NEW US PATENT CHALLENGE PROCEDURES PROMOTE GLOBAL HARMONISATION, BUT CASUALTIES RUN HIGH
The introduction of post-issuance patent challenge proceedings before the US Patent and Trademark Office’s Patent Trial and Appeal Board (PTAB) has had an extraordinary impact on US patent litigation practice. So-called IPR (inter partes review), CBM (covered business method review) and PGR (post-grant review) proceedings turned the PTAB into one of the busiest patent litigation venues in the country (and the world) virtually overnight.

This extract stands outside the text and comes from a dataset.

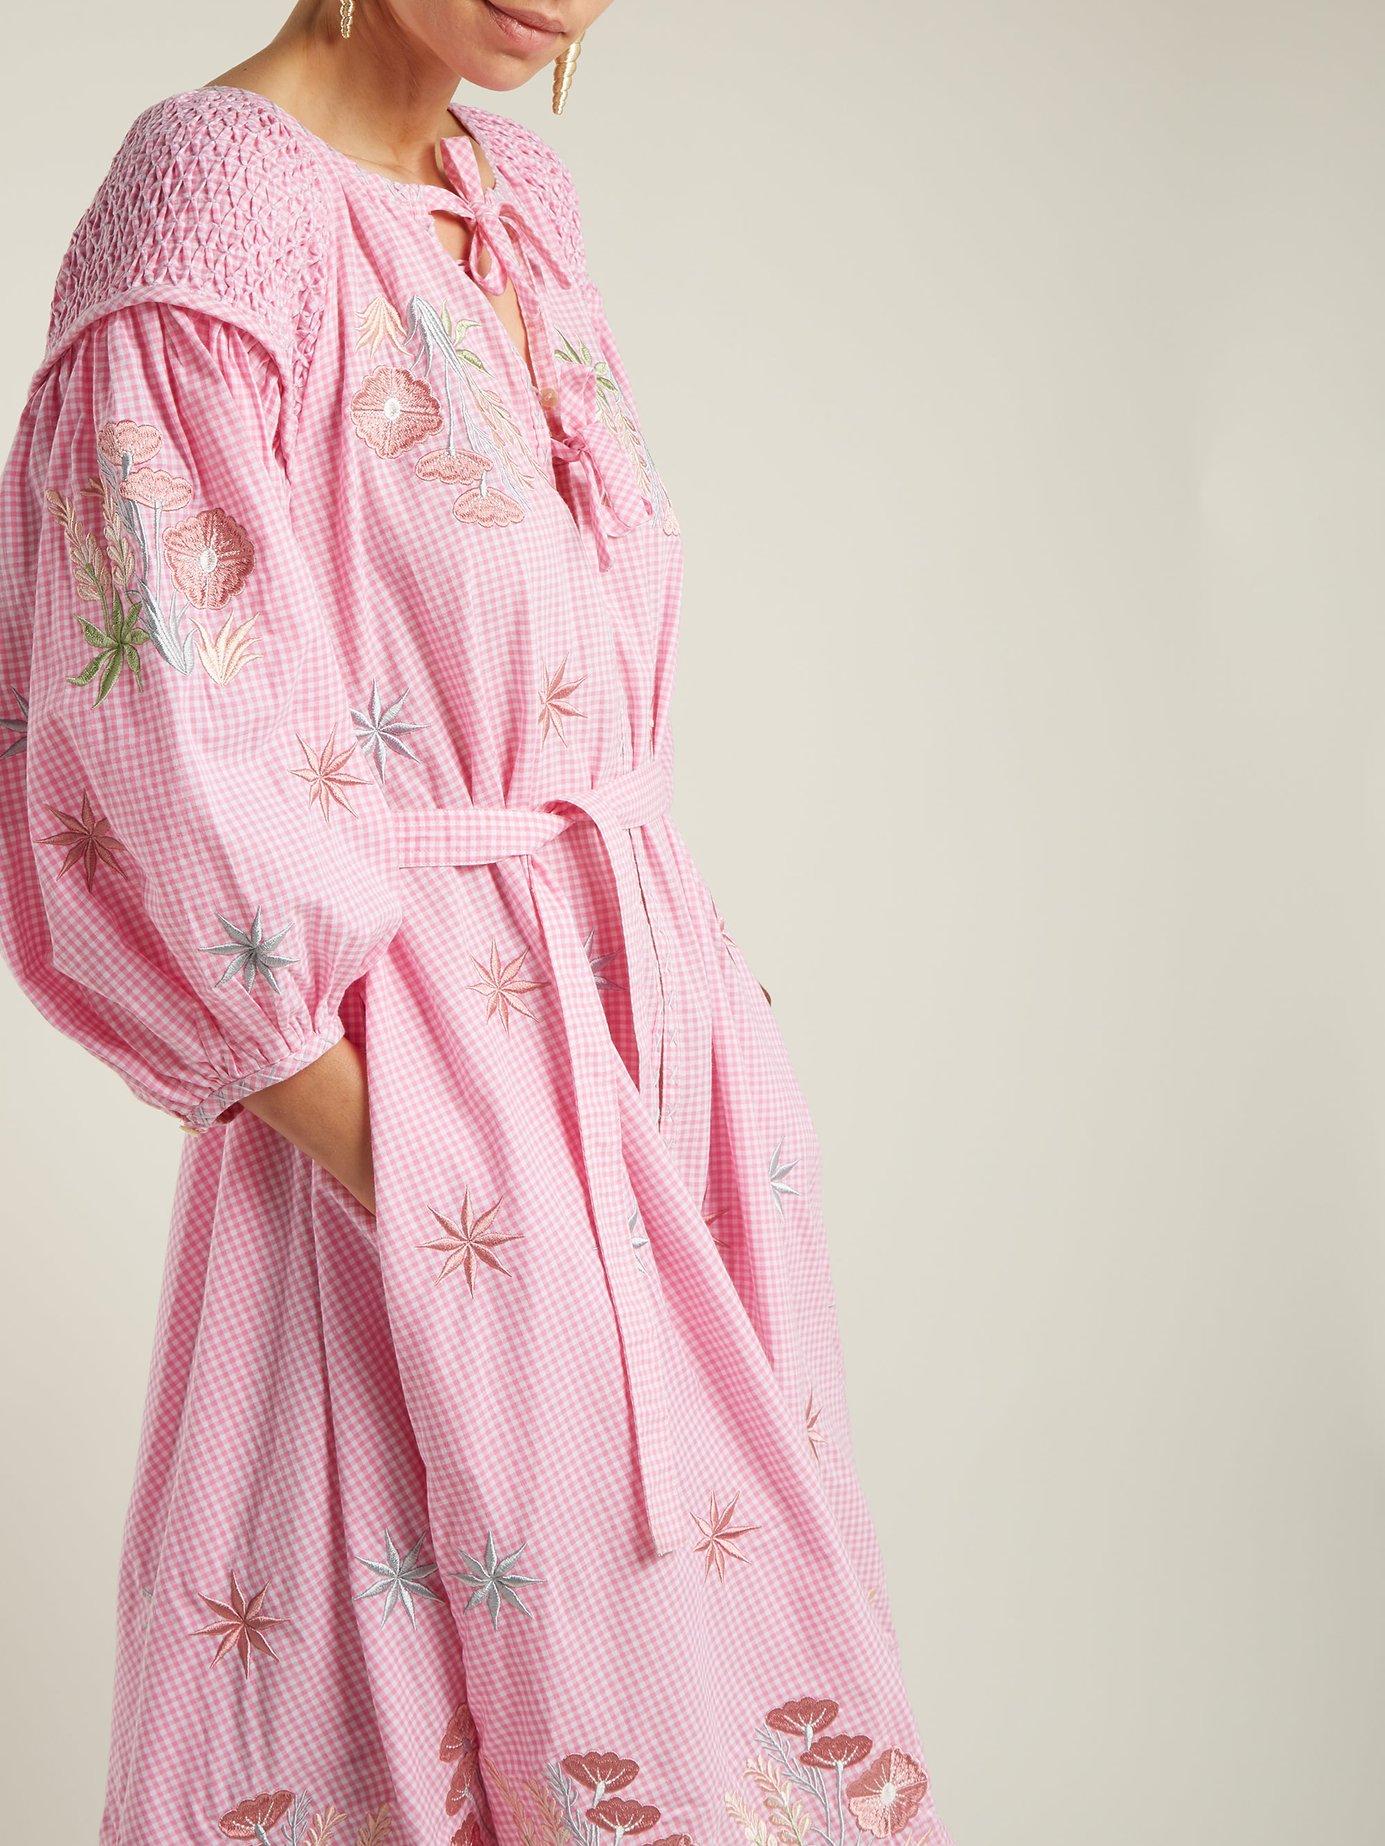 Gingham balloon-sleeve cotton dress by Innika Choo

Coupled with the Supreme Court’s decision in Alice Corp. vs. CLS Bank, which makes it easier to invalidate US patents on the basis of unpatentable subject matter, PTAB proceedings have led to patent invalidations at a rate that gives pause to even the most outspoken critics of patent quality and ‘patent trolls’. What has been largely overshadowed in the public debate during the first two years in which these proceedings have been available is one of the main reasons for their adoption in the first instance: global harmonisation.
Like the change to a ‘first-to-file’ priority system, the institution of robust post-issuance challenge proceedings was meant to bring the US patent system more in line with other major patent jurisdictions around the world. A look at how PTAB proceedings compare to challenge proceedings in other major jurisdictions shows substantial progress in this regard, but also that revealing differences remain.